Where Impact Meets Efficiency: How SROI Can Guide Your CSR Investments

For more best practices on SROI, watch From Status Quo to Strategic: How SROI Can Revolutionize Your Giving

Imagine a world where you can find the most effective nonprofits serving the causes and communities you care most about. Instead of giving to the same partners over and over again (*cough* your board chair’s alma mater *cough*), you could easily identify the most high-performing organizations aligned with your strategic plans. Social return on investment (SROI) calculations can help.

 

What is Social Return on Investment (SROI)?

Social return on investment (SROI) quantifies how efficiently philanthropy benefits society. SROI is similar to business ROI, in that they both measure return on investment for every dollar invested. The difference is that ROI measures financial returns to the investor, whereas SROI measures value (or impact) to society. (And to be clear, CSR programs can help move the needle on both!)

To calculate SROI, count the number of successful outcomes a program generates—remember, not every beneficiary served by a program will necessarily be successful—and divide that number by the total cost of implementing that program. The result is the number of successful outcomes per dollar spent. Since one dollar typically has a minuscule impact, we usually multiply the result by $10,000 (i.e., how much success per $10,000 invested) to get a more user-friendly number. For example, if an emergency housing program spent $100,000 and the outcome was 25 people gaining short-term housing, that would be an SROI of 2.5 per $10,000 invested into the program.

Two types of SROI can be applied to prove and improve the impact of your donations:

  • Program SROI allows analysis of a program’s efficiency by calculating the cost per successful outcome.
  • Donor SROI allows you, as the donor, to analyze your specific investment by calculating the impact you can claim. This is often the same as program SROI but can be greater if the investment is well leveraged (e.g., it is used to attract other donors, build capacity in an organization to increase its efficacy, or establish new models that can be replicated in the future).
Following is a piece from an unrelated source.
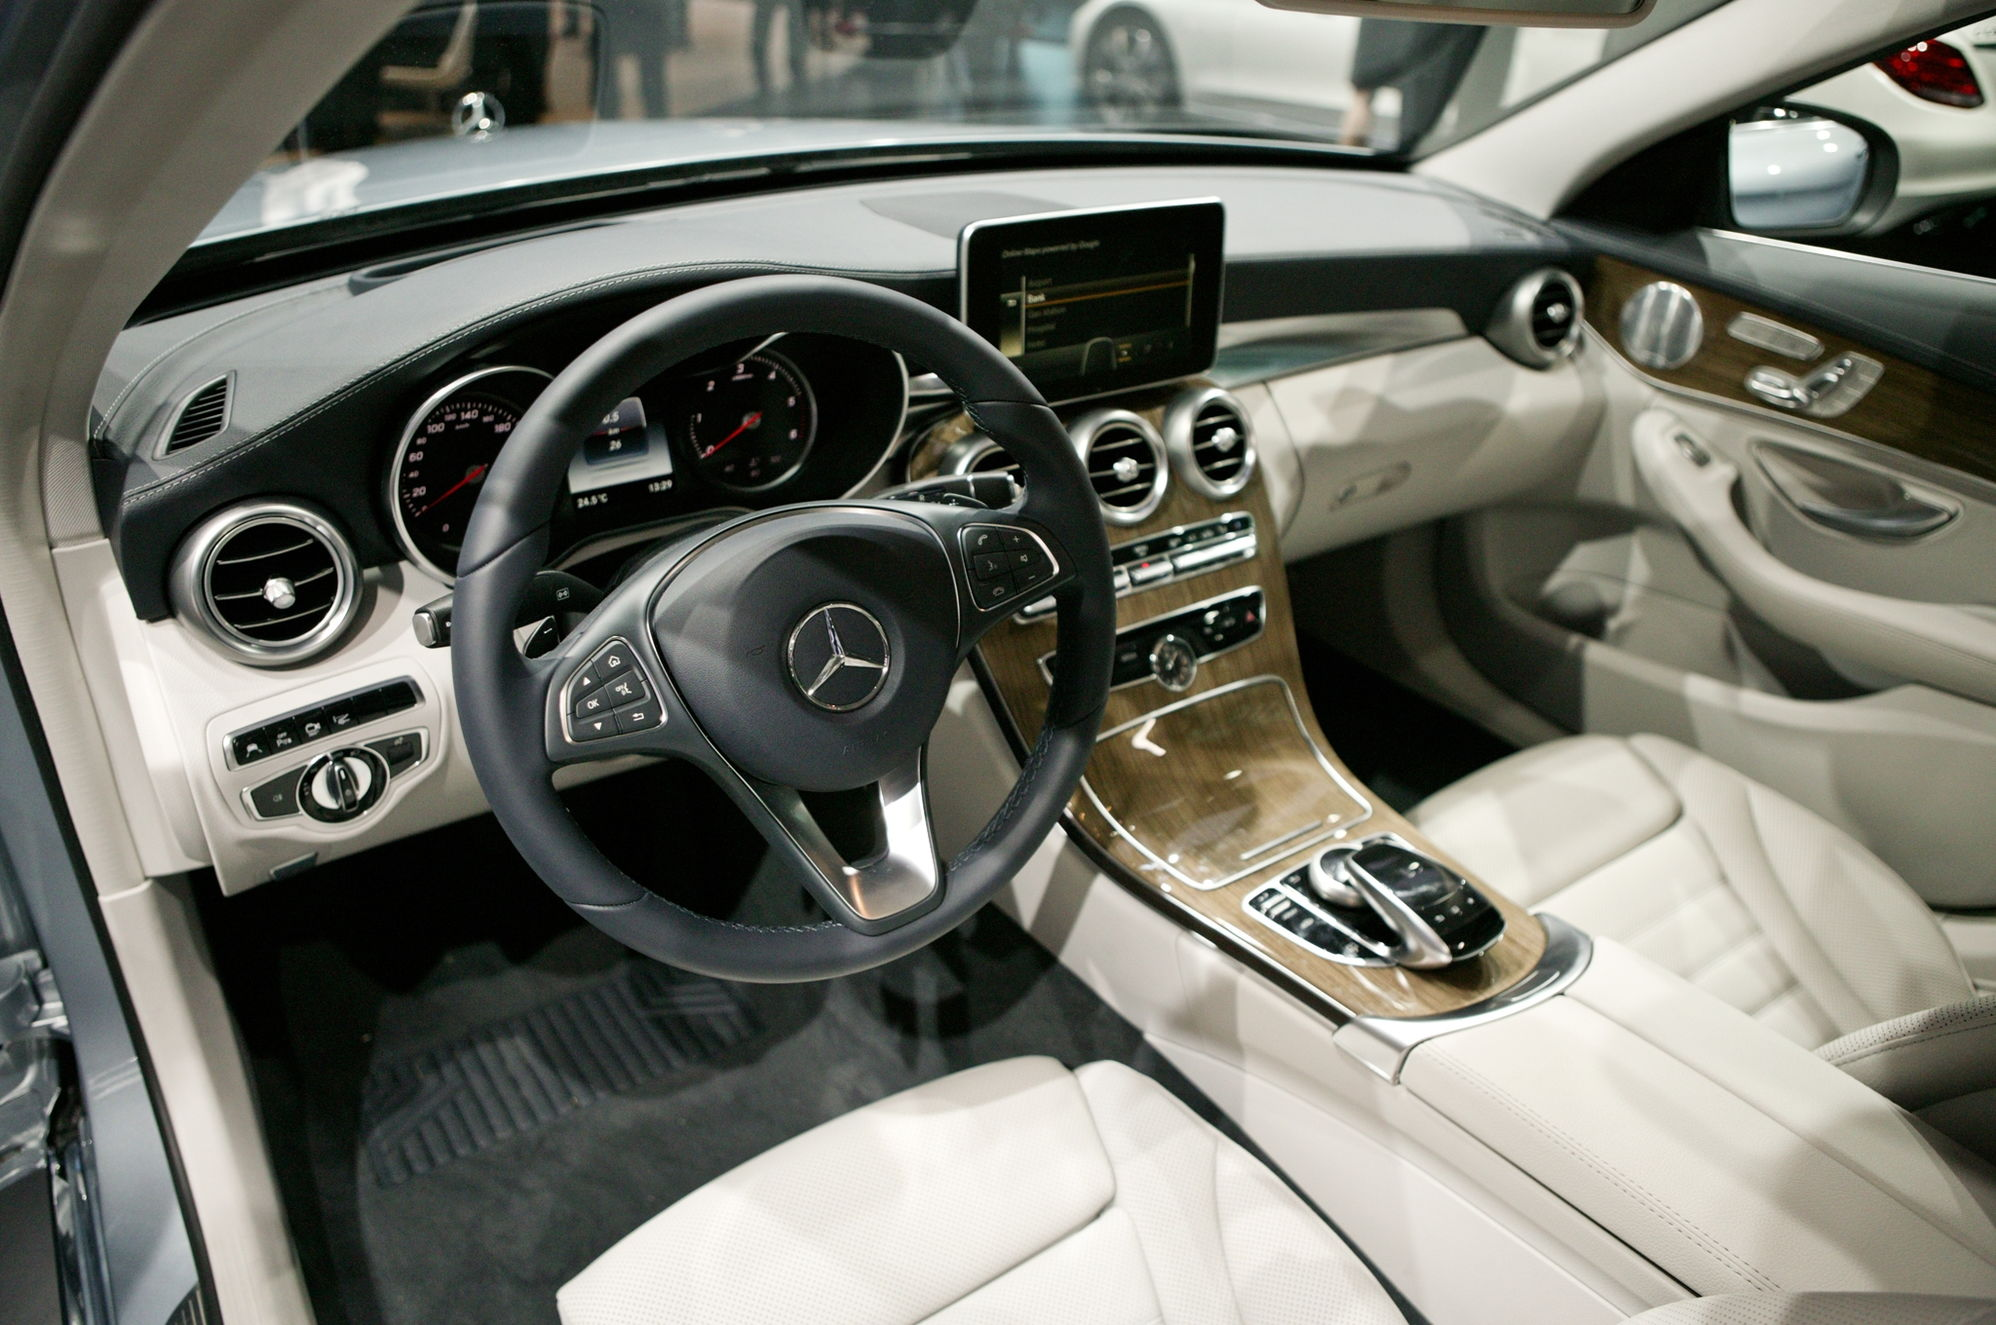 2017 mercedes benz gls clublexus lexus forum discussion for Mercedes benz c class 2015 interior

When your donation catalyzes additional social impact, it increases your donor SROI.

 

Benefits for Donors and Nonprofits

We believe SROI is best used as a flashlight (to illuminate), not a hammer (to punish). When used well, SROI can showcase your hard work, help you operate more strategically, and offer insights to extend your impact and help more people. Here are five ways to use SROI:

  • Increase credibility. Proven results provide evidence that your work is making a measurable impact.
  • Promote accountability. Include metrics in communications to increase transparency and trust with your stakeholders.
  • Improve decision-making. Data-driven decisions backed by quality metrics can improve your funding, management, and operations.
  • Drive improvement. SROI offers insights into what’s working and what’s not, especially among nonprofits in the same sector.
  • Measure growth. Tracking SROI enables nonprofits to quantify how much they enhance their impact over time.

 

Not Apples to Apples

Although SROI is a valuable tool, not all SROI metrics are the same, and it would be nice to simply rank the SROI of your nonprofit partners and increase funding to the ones with the best scores, but unfortunately, it’s not quite that simple. Understanding the details of the programs—such as the type of intervention, demographics, geographical region, and target outcomes—allows you to put their efficiency into context and interpret the extent of their impact. Getting a handle on SROI can propel your philanthropy so you can invest with purpose.